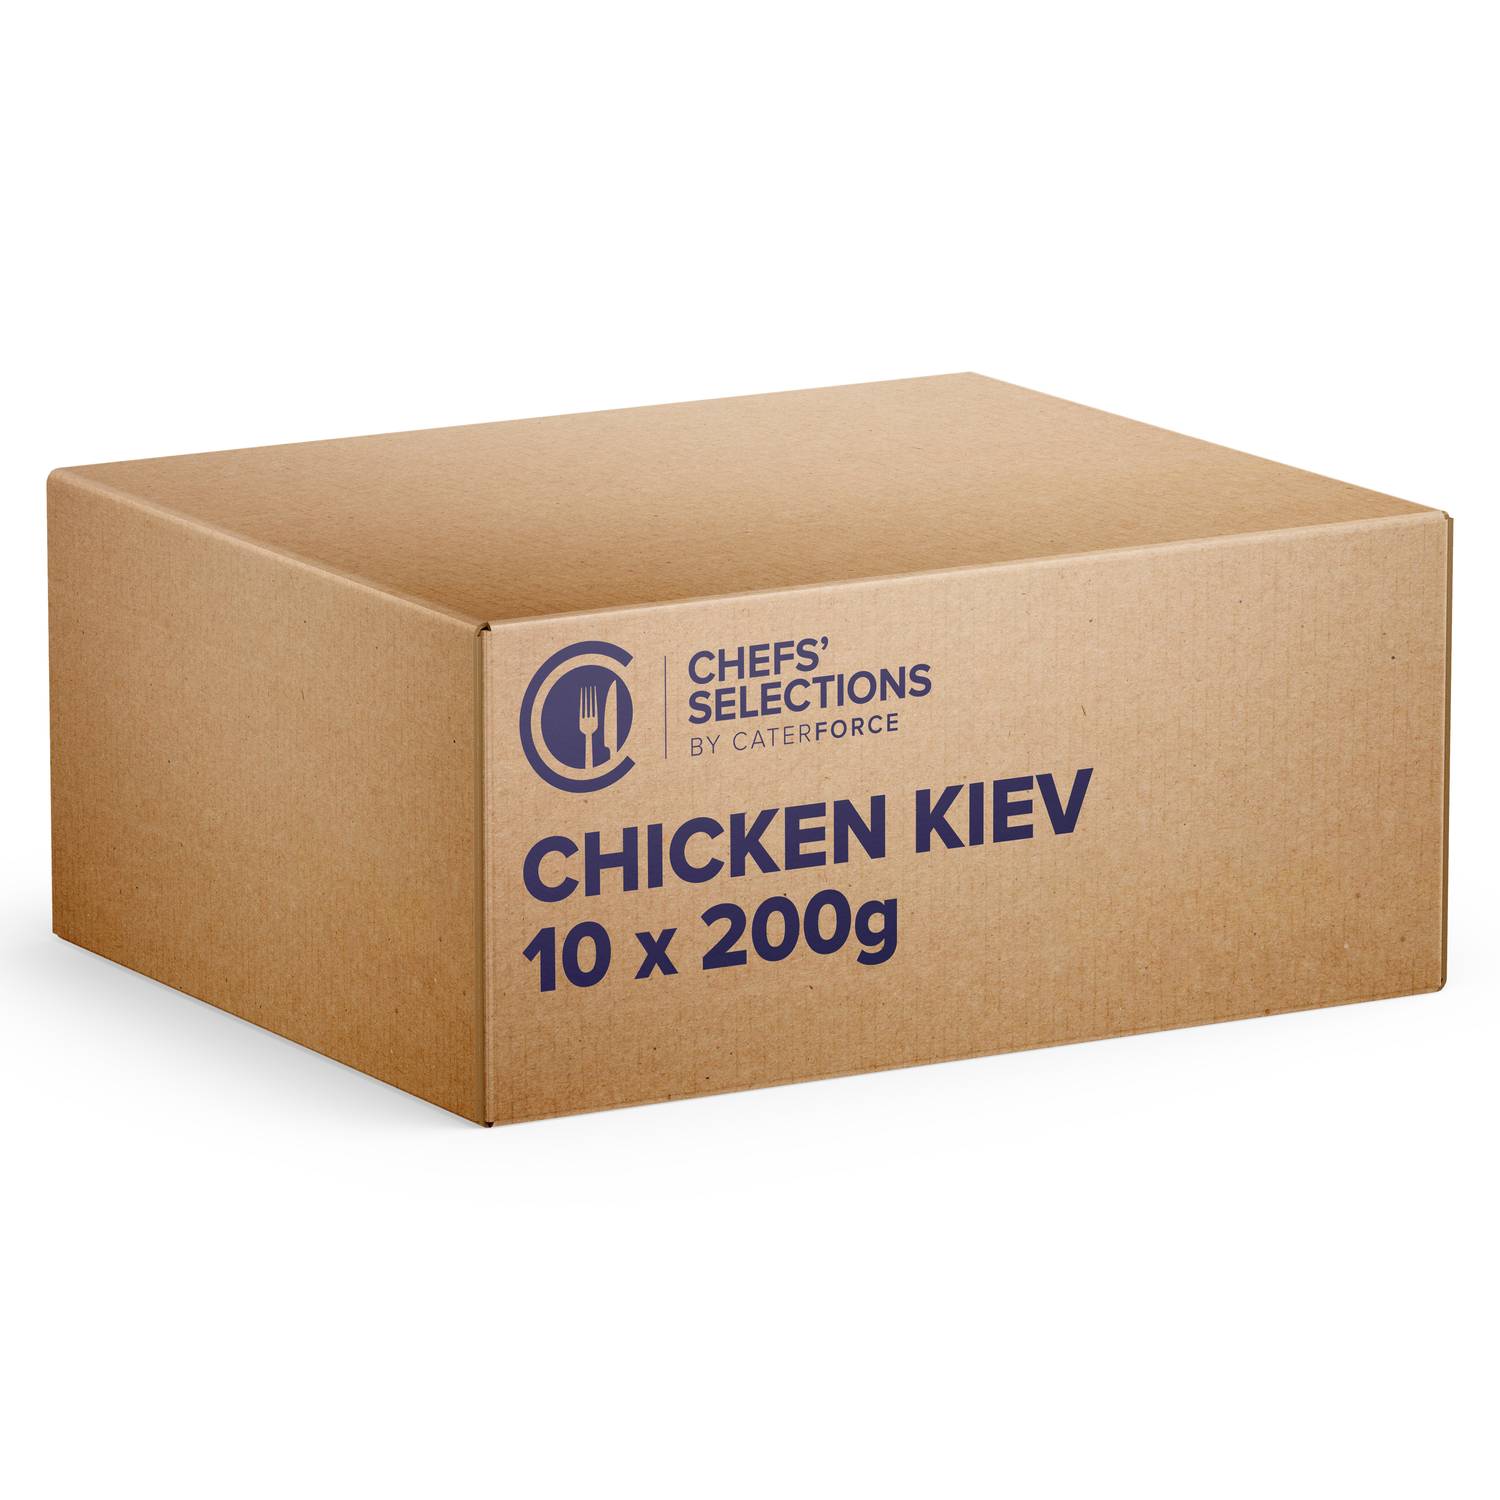 Chefs’ Selections Chicken Kiev (10 x 200g)
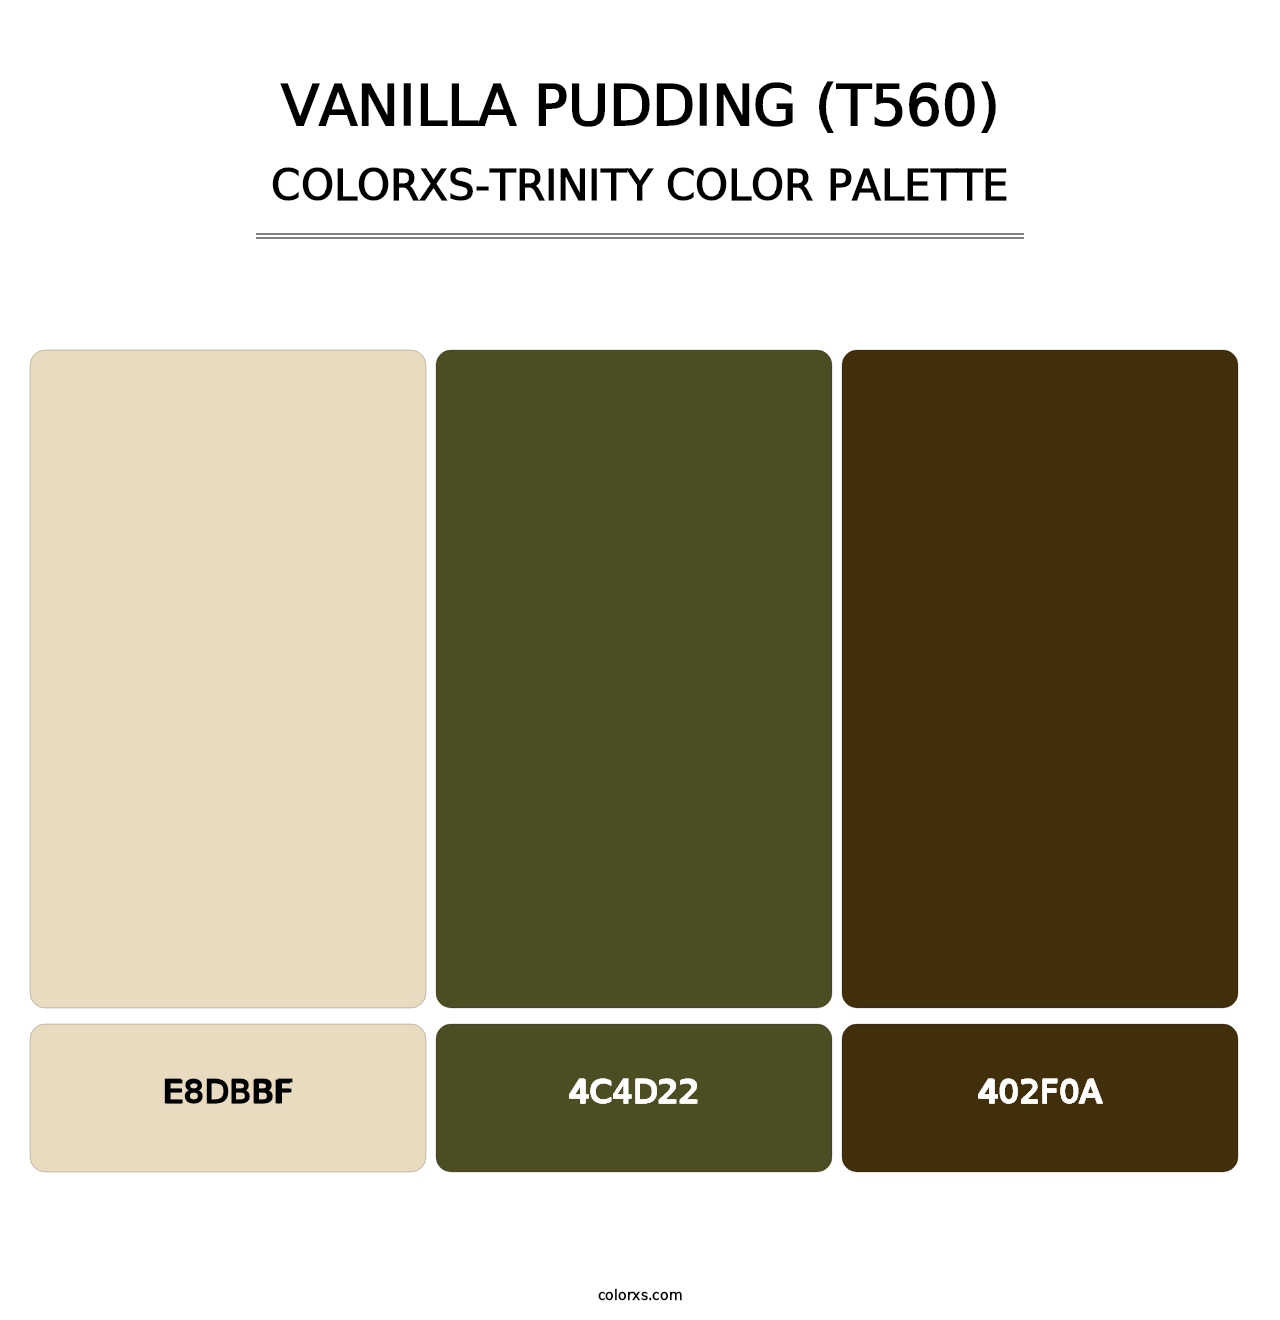 Vanilla Pudding (T560) - Colorxs Trinity Palette
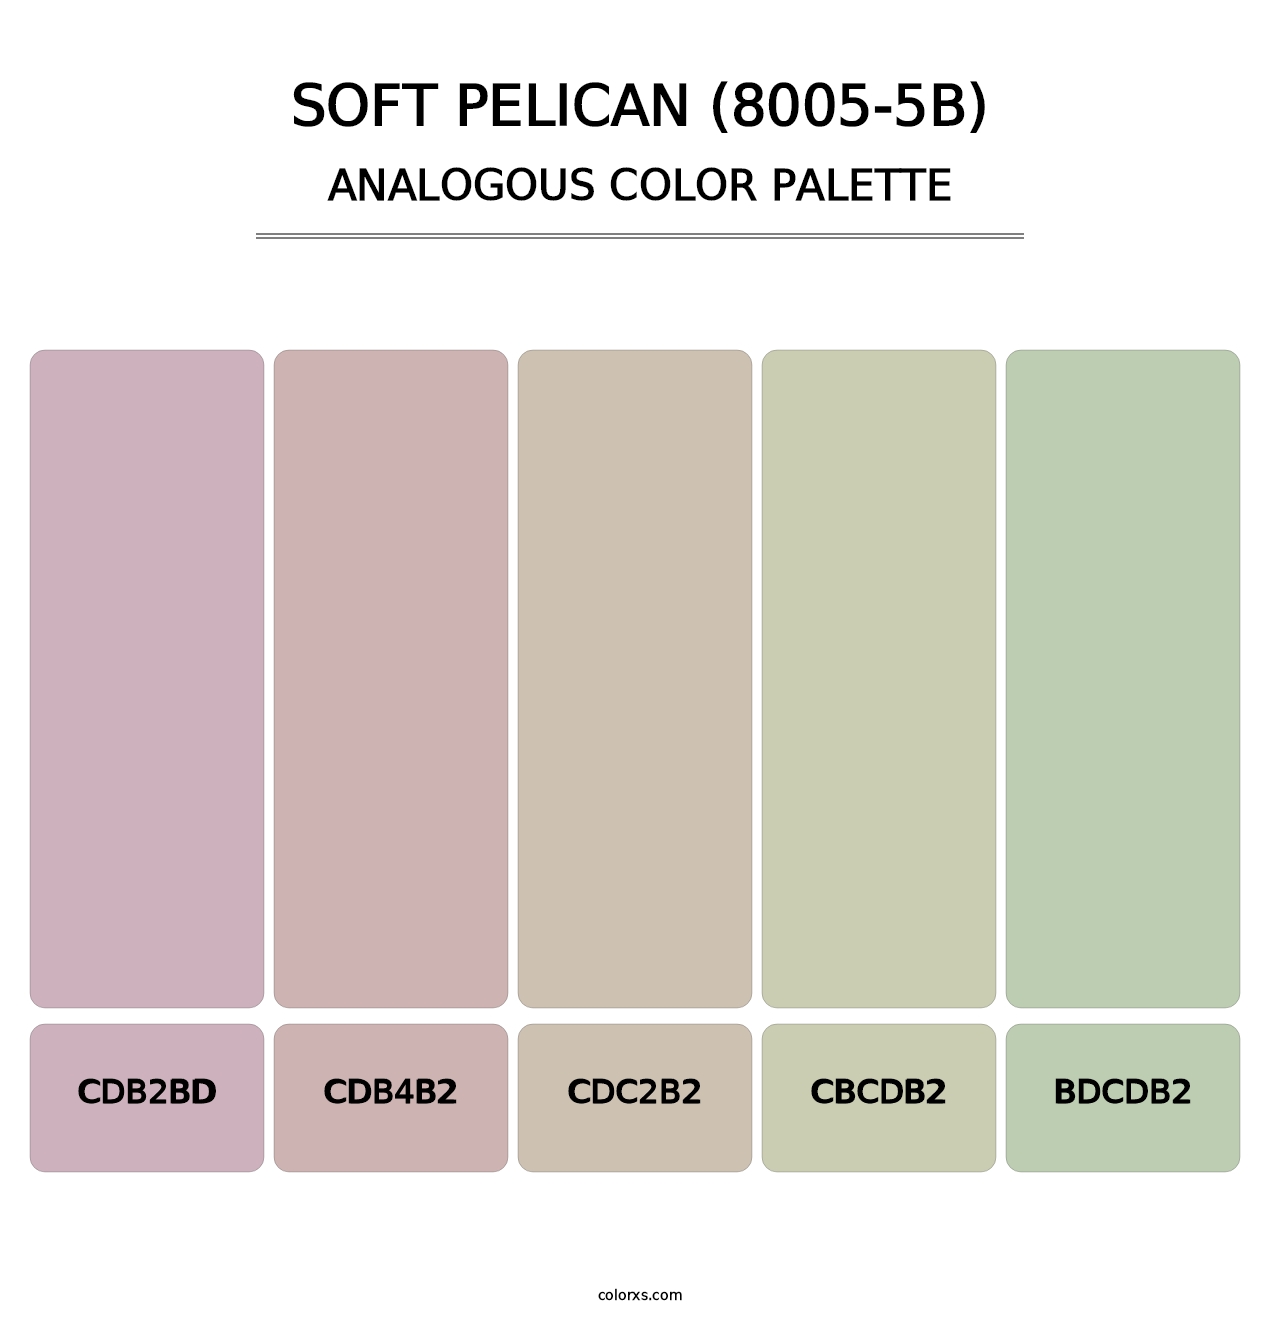 Soft Pelican (8005-5B) - Analogous Color Palette
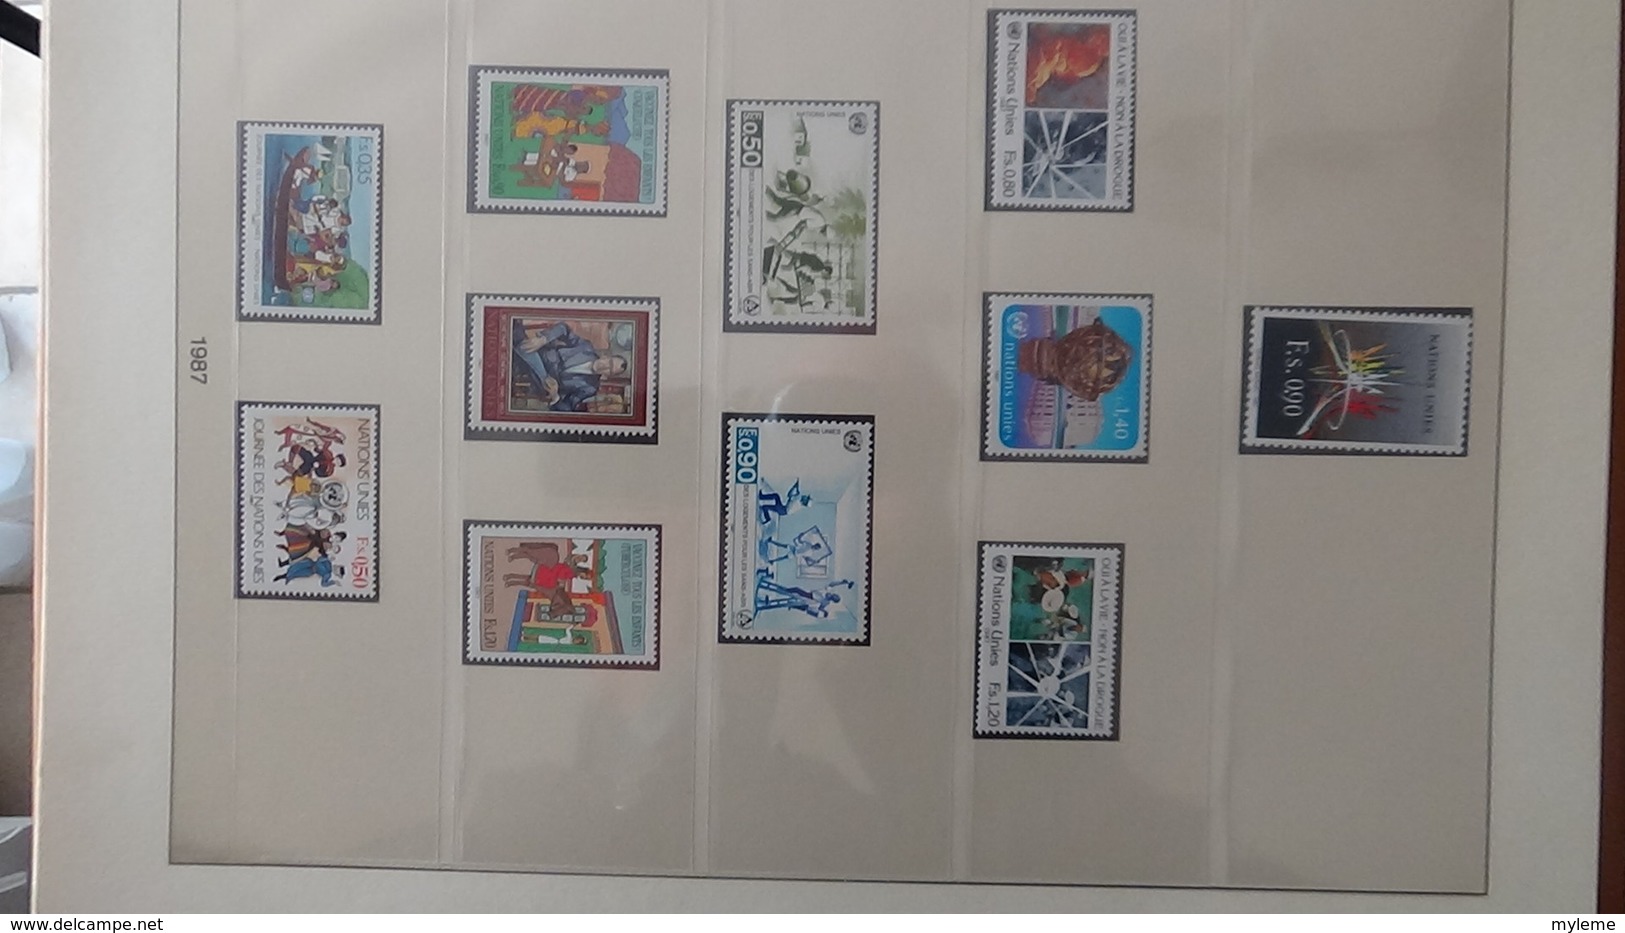 Belle collection album LINDNER del'ONU en blocs et timbres ** en 71 photos. A saisir !!!

Task directions –
Leave the pictures out and reproduce exactly the lines from the line with "Vanilla Pudding (T560)" to the end of the material above.

Written reply –
 Vanilla Pudding (T560) - Colorxs Trinity Palette
 Soft Pelican (8005-5B) - Analogous Color Palette
 Belle collection album LINDNER del'ONU en blocs et timbres ** en 71 photos. A saisir !!!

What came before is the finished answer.